DATA FOR ANALYSIS:
____________________

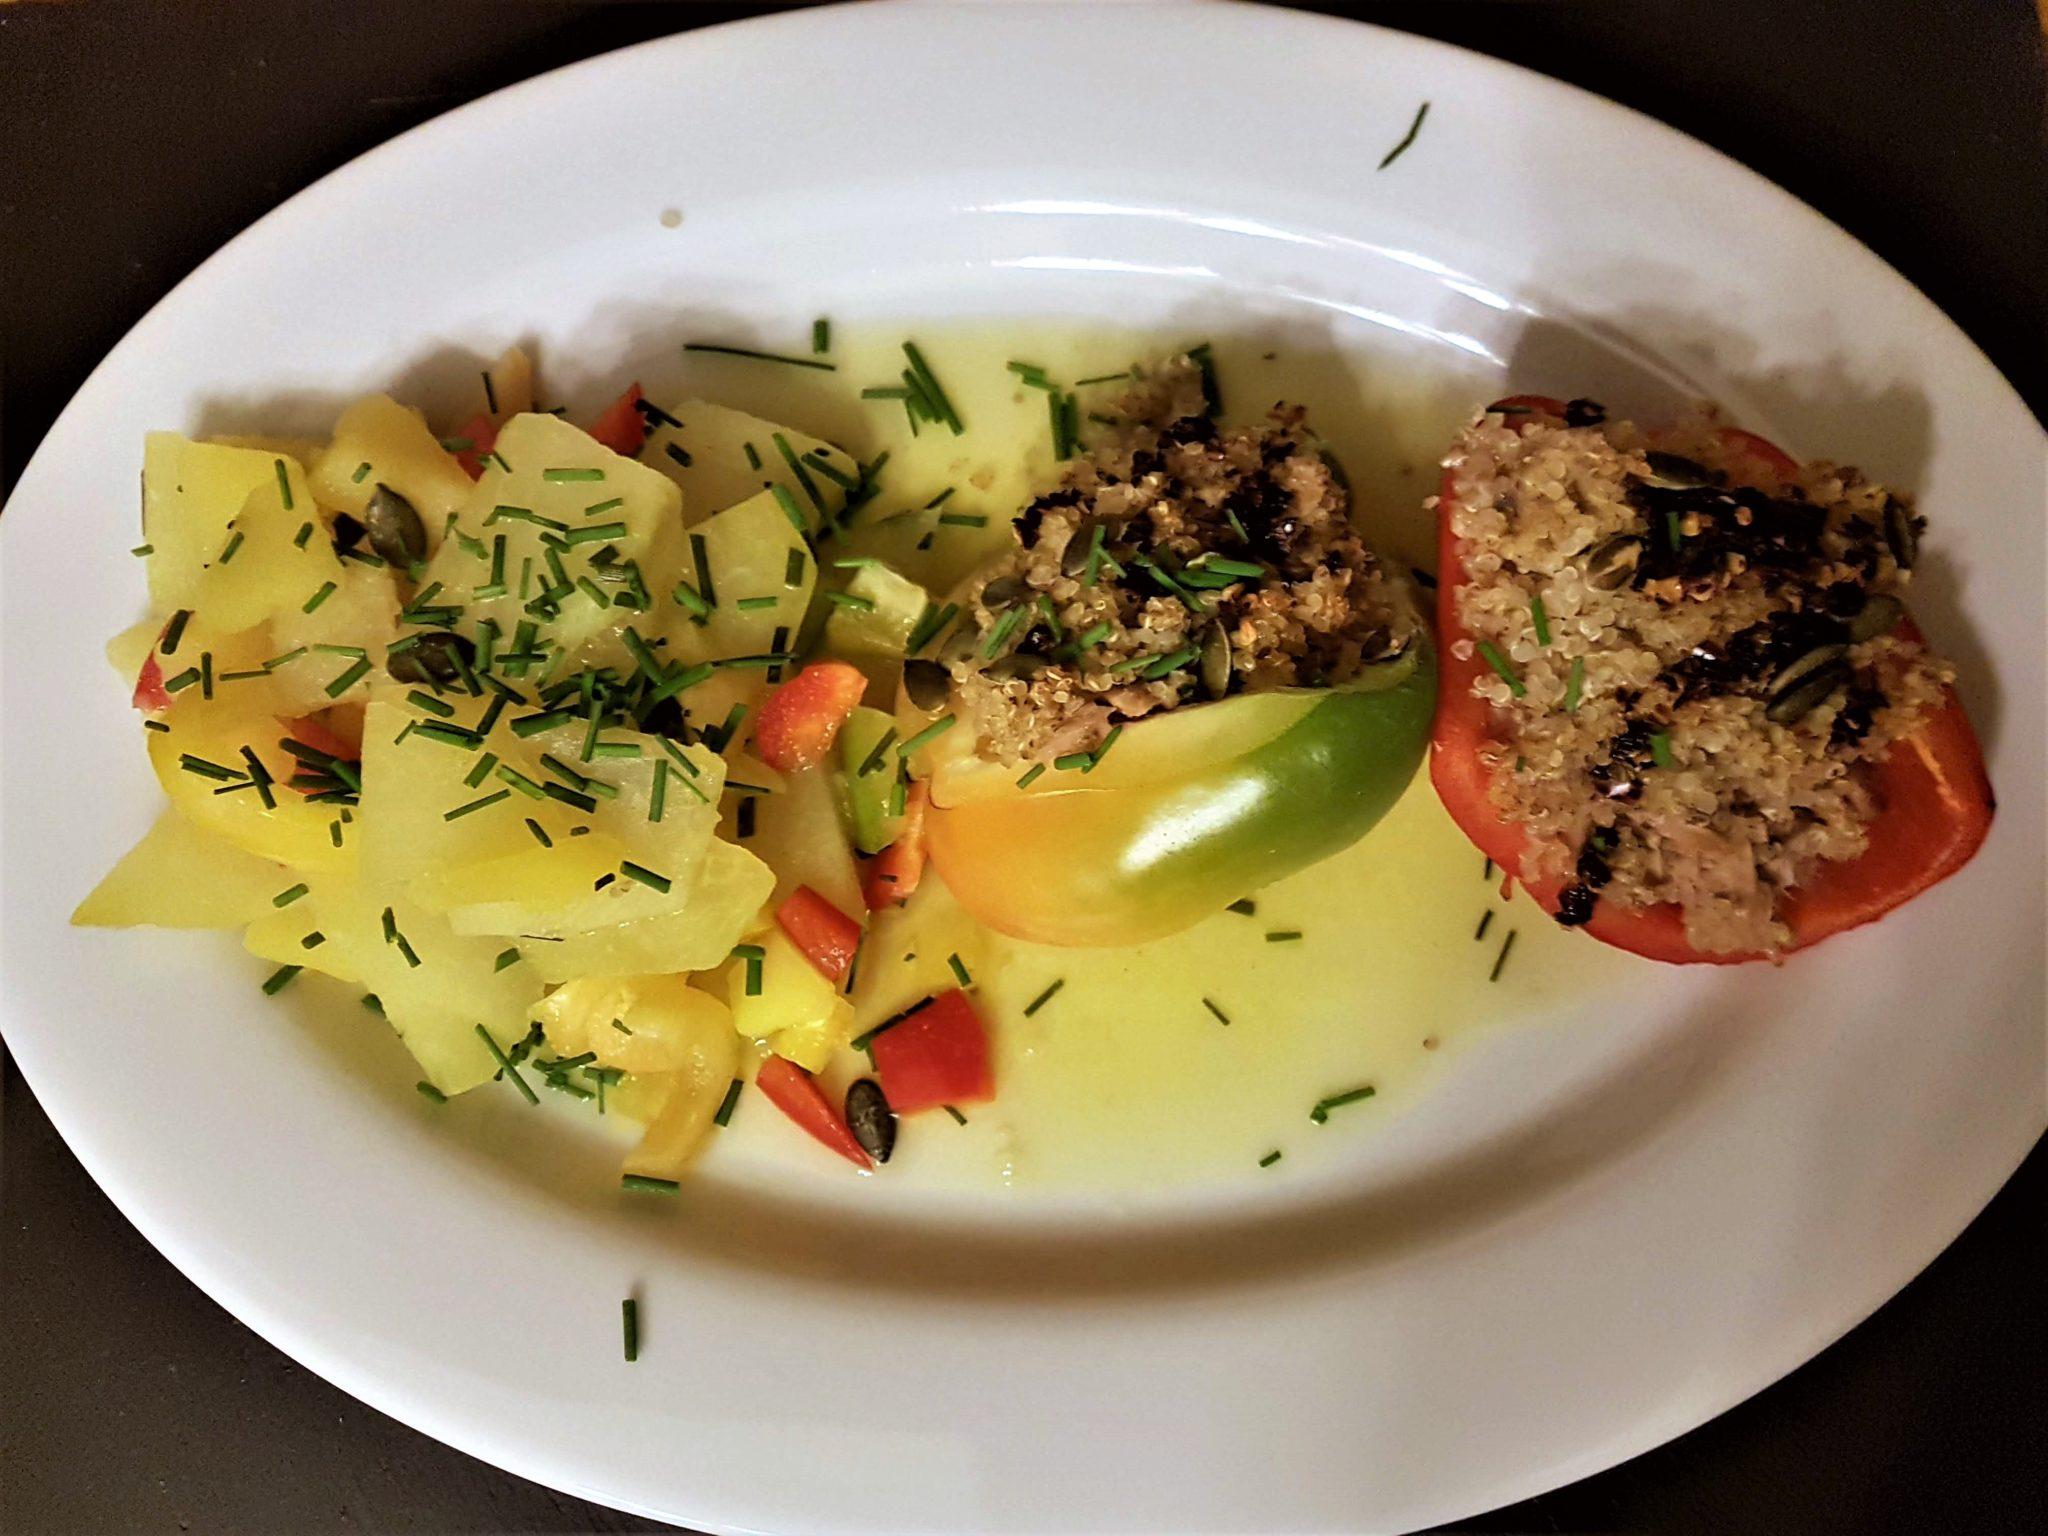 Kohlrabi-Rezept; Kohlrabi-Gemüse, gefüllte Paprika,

____________________

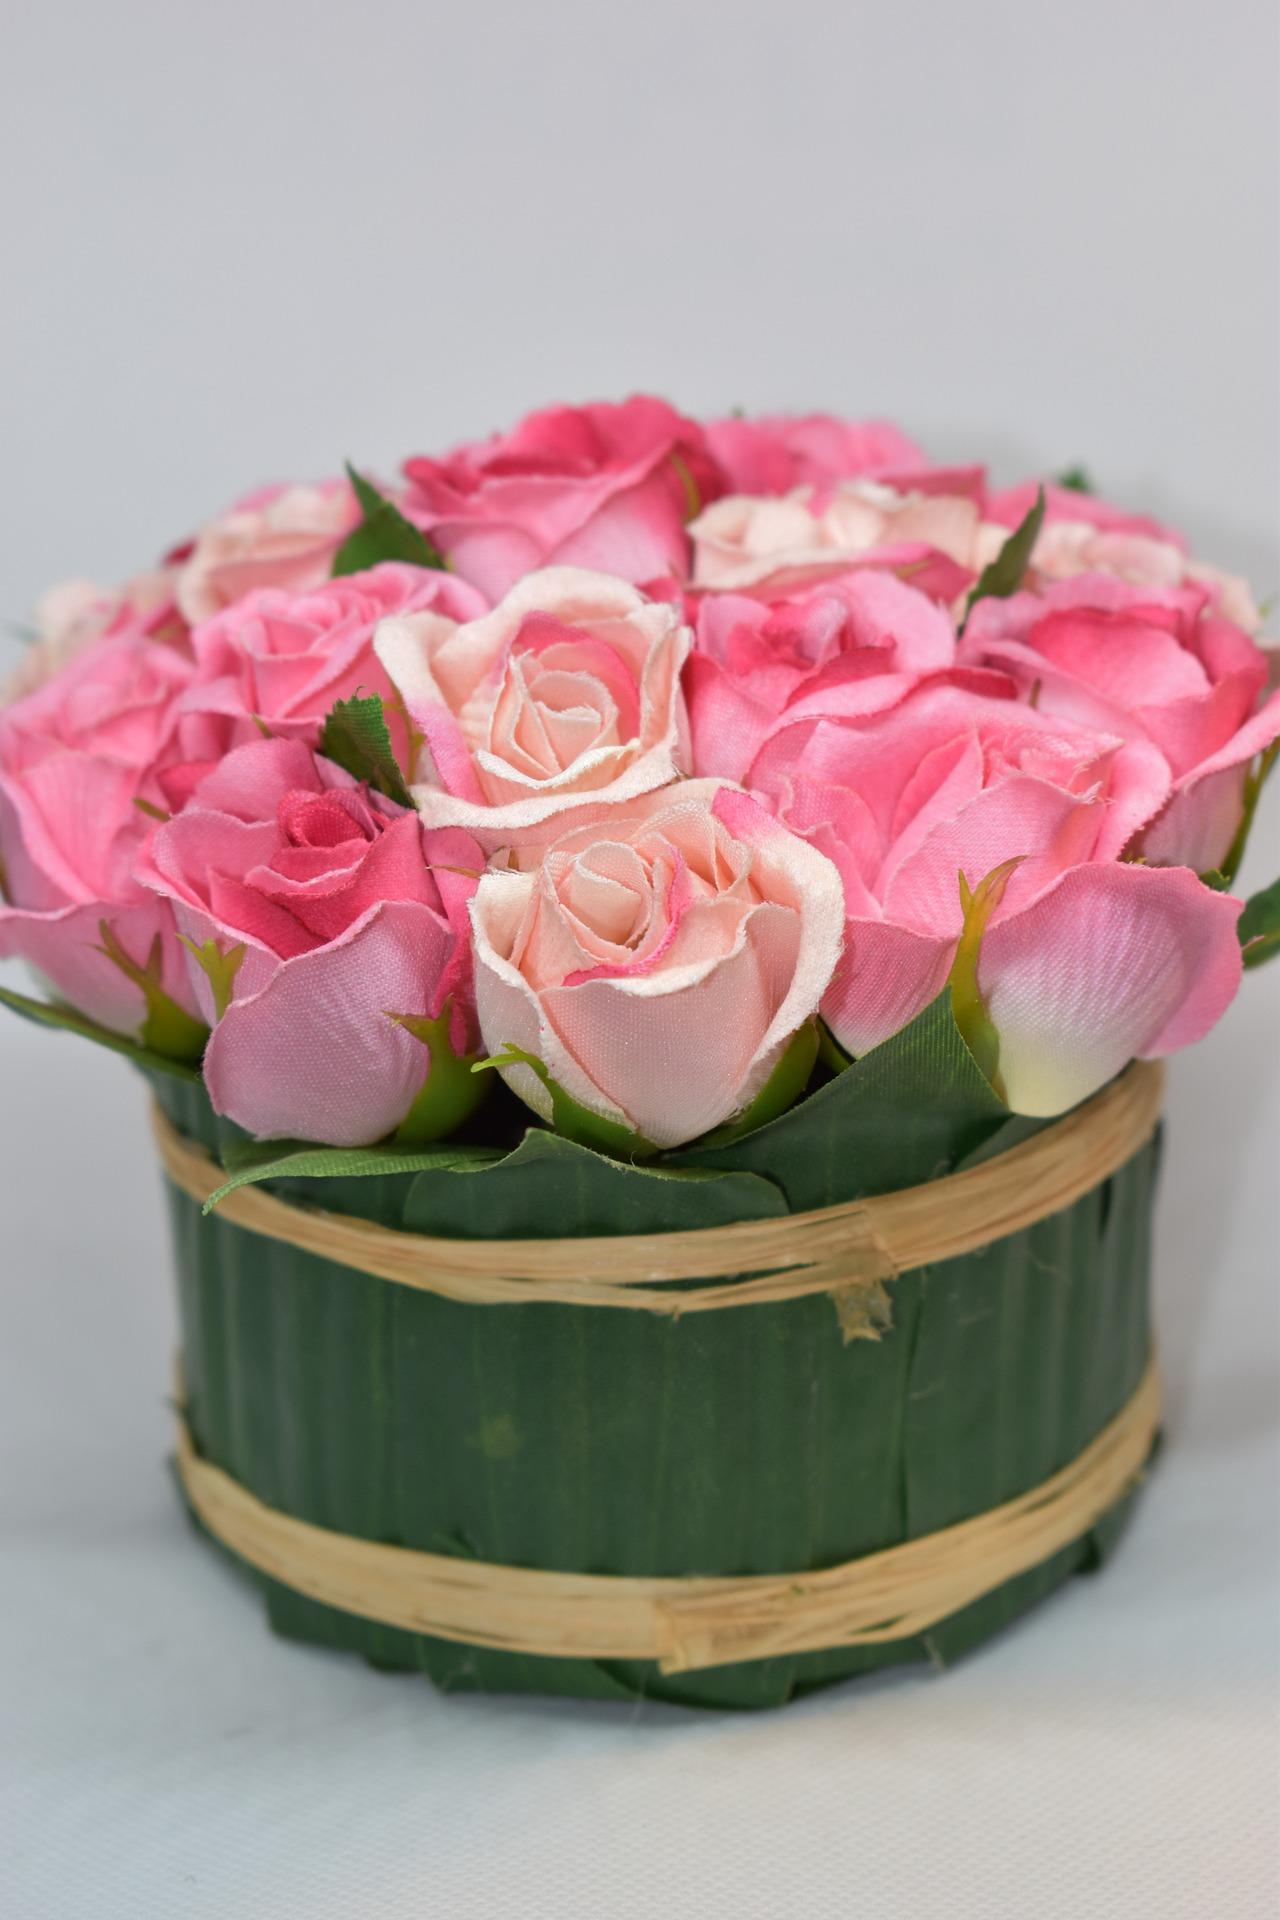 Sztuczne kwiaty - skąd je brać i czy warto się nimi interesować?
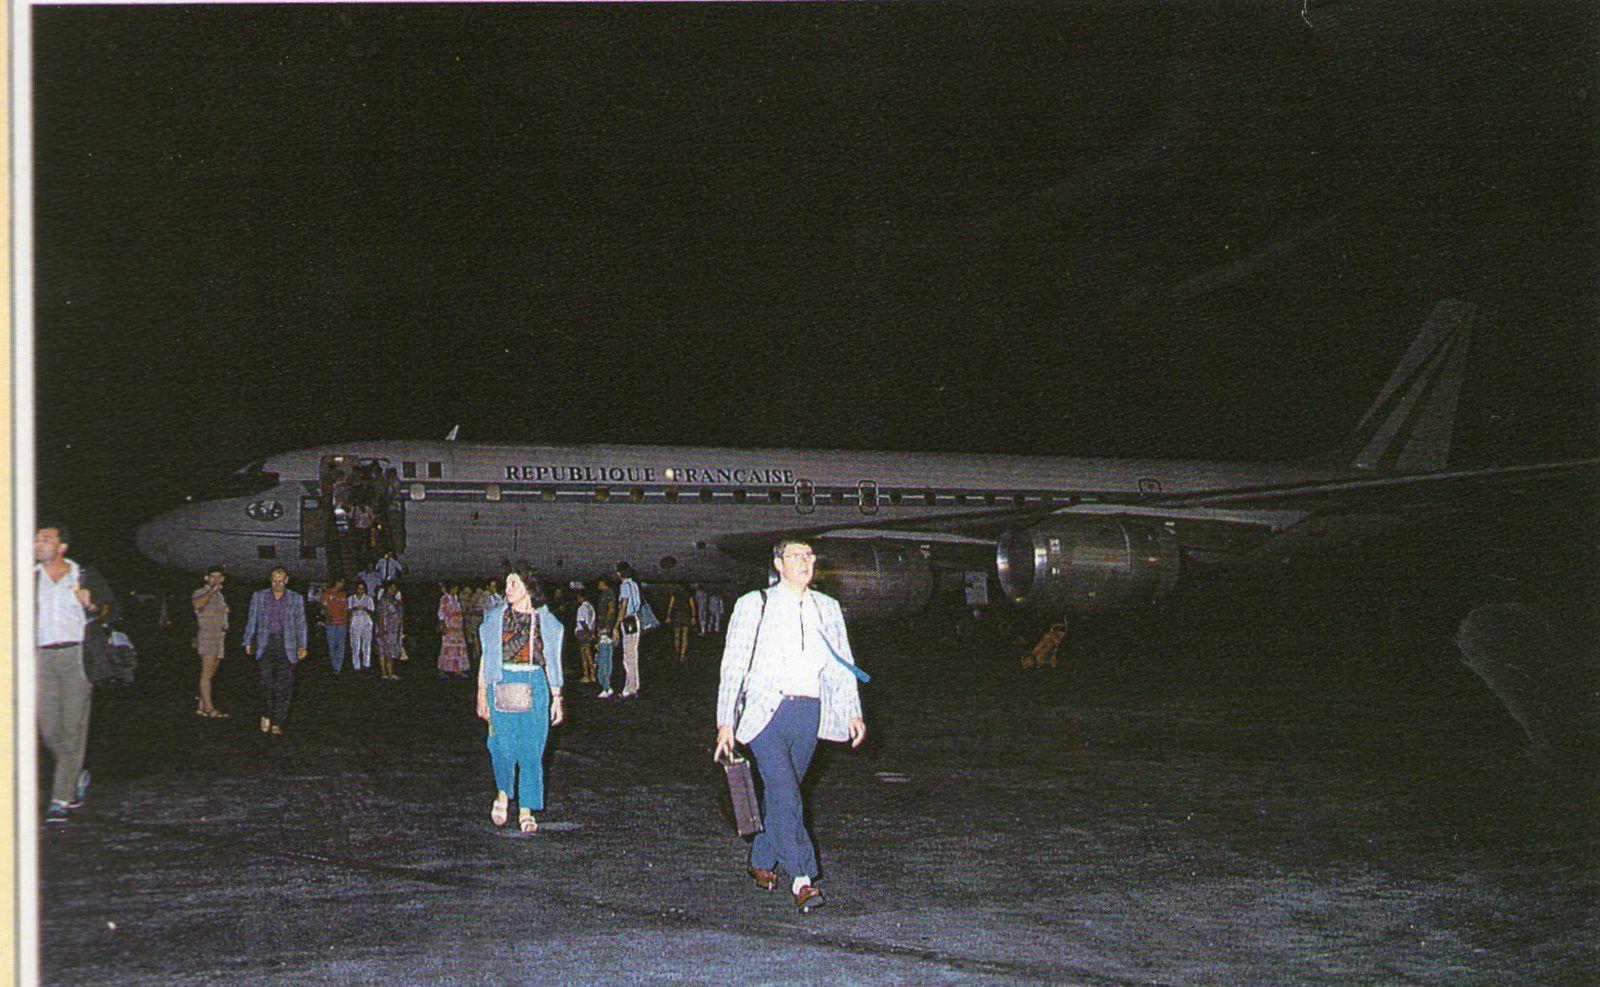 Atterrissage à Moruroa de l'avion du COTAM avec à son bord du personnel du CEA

____________________

EXERCISE AIM: An exact copy of the lines above from the one with "Sztuczne kwiaty - skąd" up to and including the one with "Atterrissage à Moruroa" is required; reproduce only those lines, omitting all pictures.

RESULT OF THE EXERCISE:
 Sztuczne kwiaty - skąd je brać i czy warto się nimi interesować?
 Atterrissage à Moruroa de l'avion du COTAM avec à son bord du personnel du CEA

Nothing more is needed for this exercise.